### Dataset content
============================================================

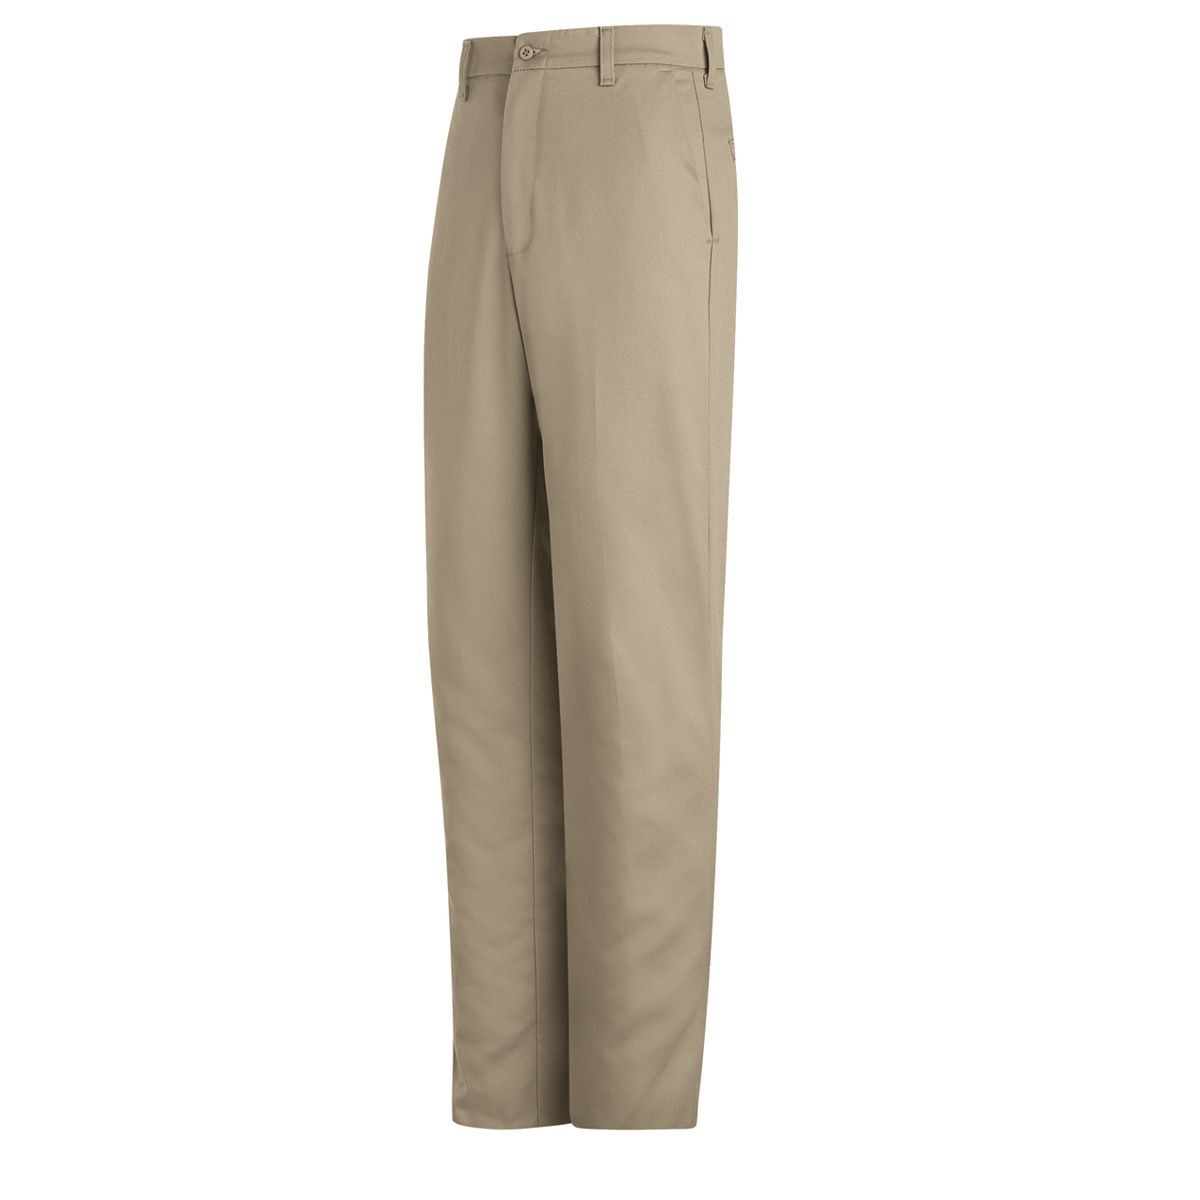 Airgas - R30PEW2KH4432 - Bulwark® 44 X 32 Khaki EXCEL FR® Twill Cotton  Flame Resistant Work Pants With Button Closure
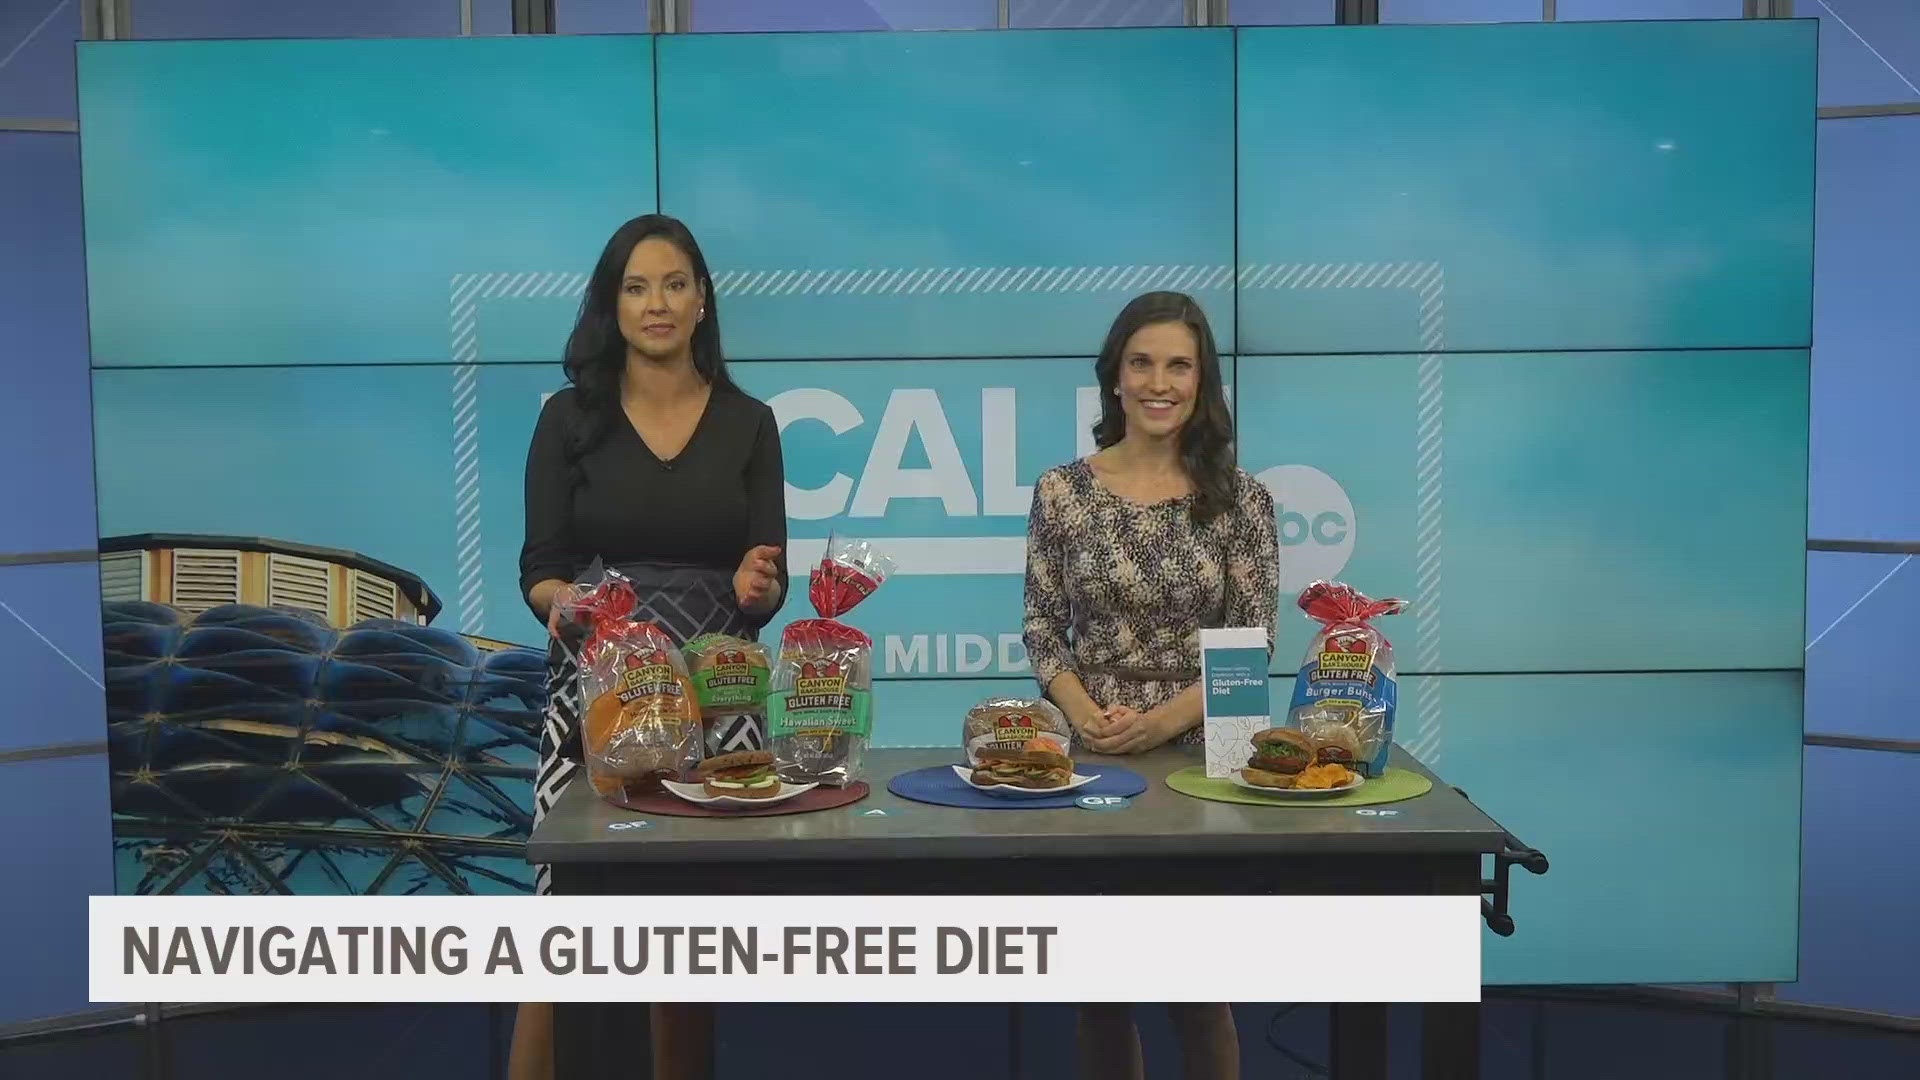 May is Celiac Disease Awareness Month. Hy-Vee dietitian Erin Good is here to share advice on navigating a gluten-free diet.
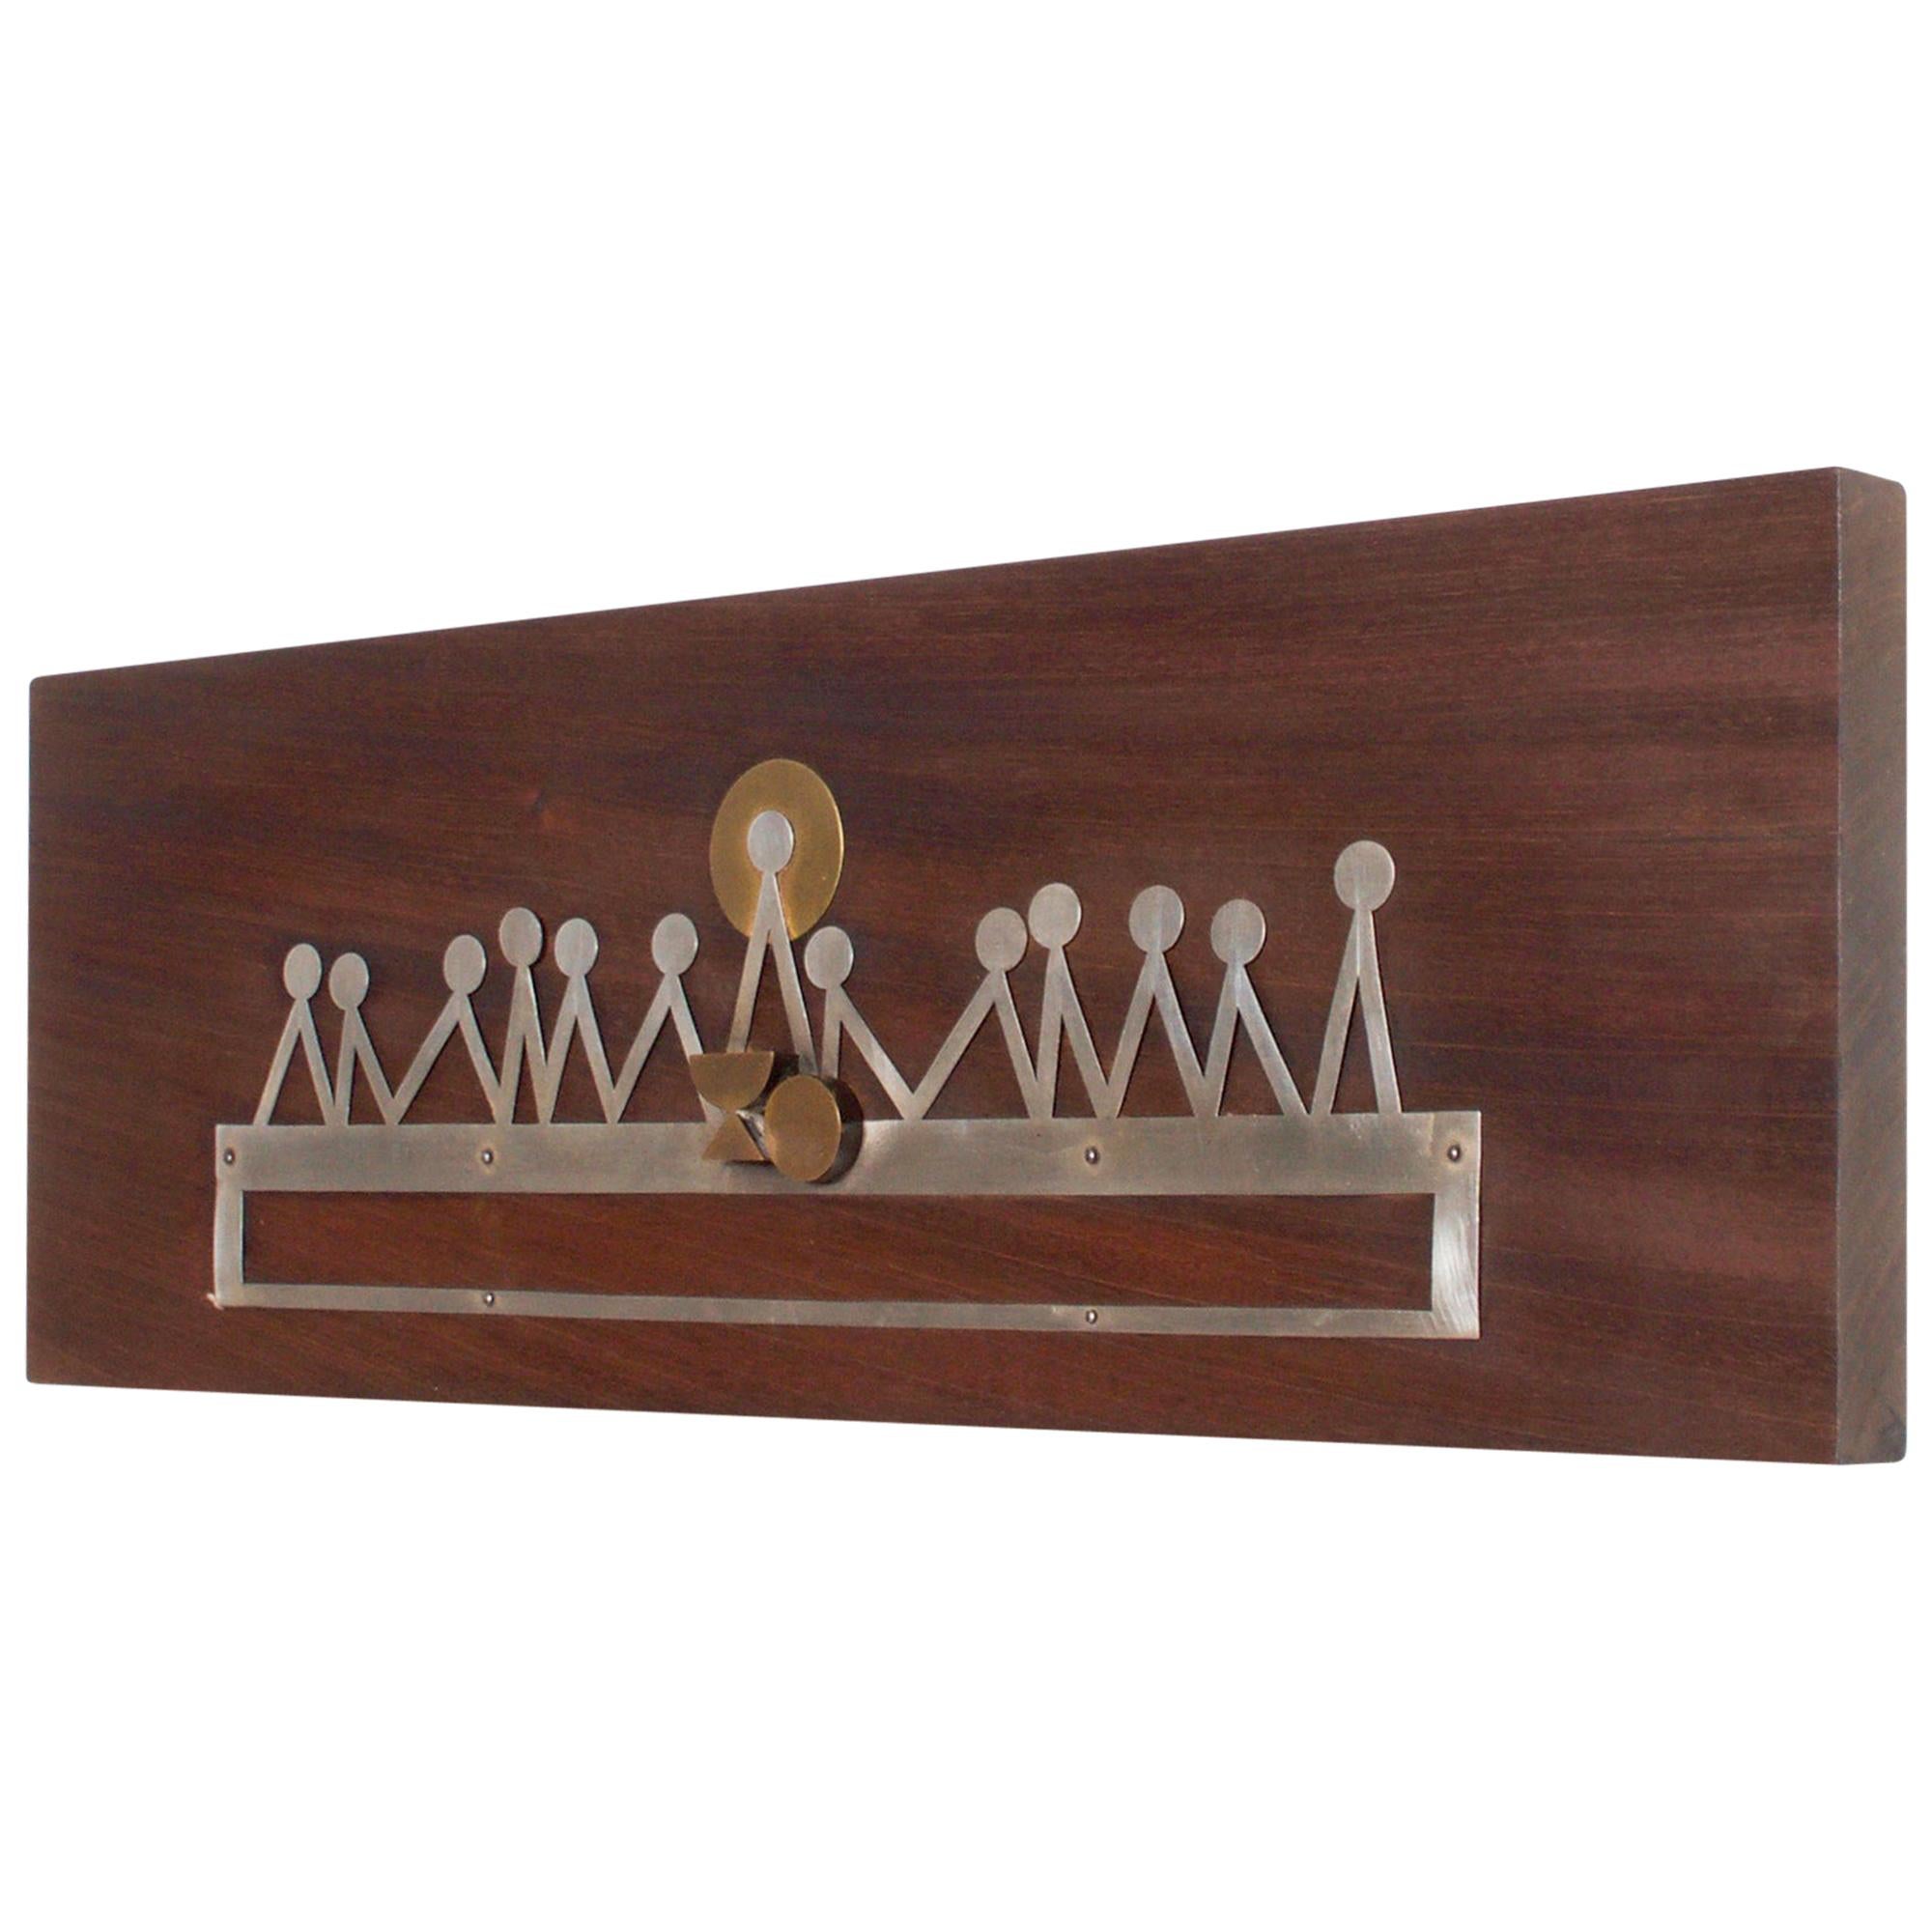 Last Supper Abstract Wall Sculpture Modernist Plaque by Emaus Benedictine Monks

============================================================

### The task
Pictures in the listing above must be skipped; everything else should be copied exactly.

### Answer space
 Airgas - R30PEW2KH4432 - Bulwark® 44 X 32 Khaki EXCEL FR® Twill Cotton  Flame Resistant Work Pants With Button Closure
 May is Celiac Disease Awareness Month. Hy-Vee dietitian Erin Good is here to share advice on navigating a gluten-free diet.
 Last Supper Abstract Wall Sculpture Modernist Plaque by Emaus Benedictine Monks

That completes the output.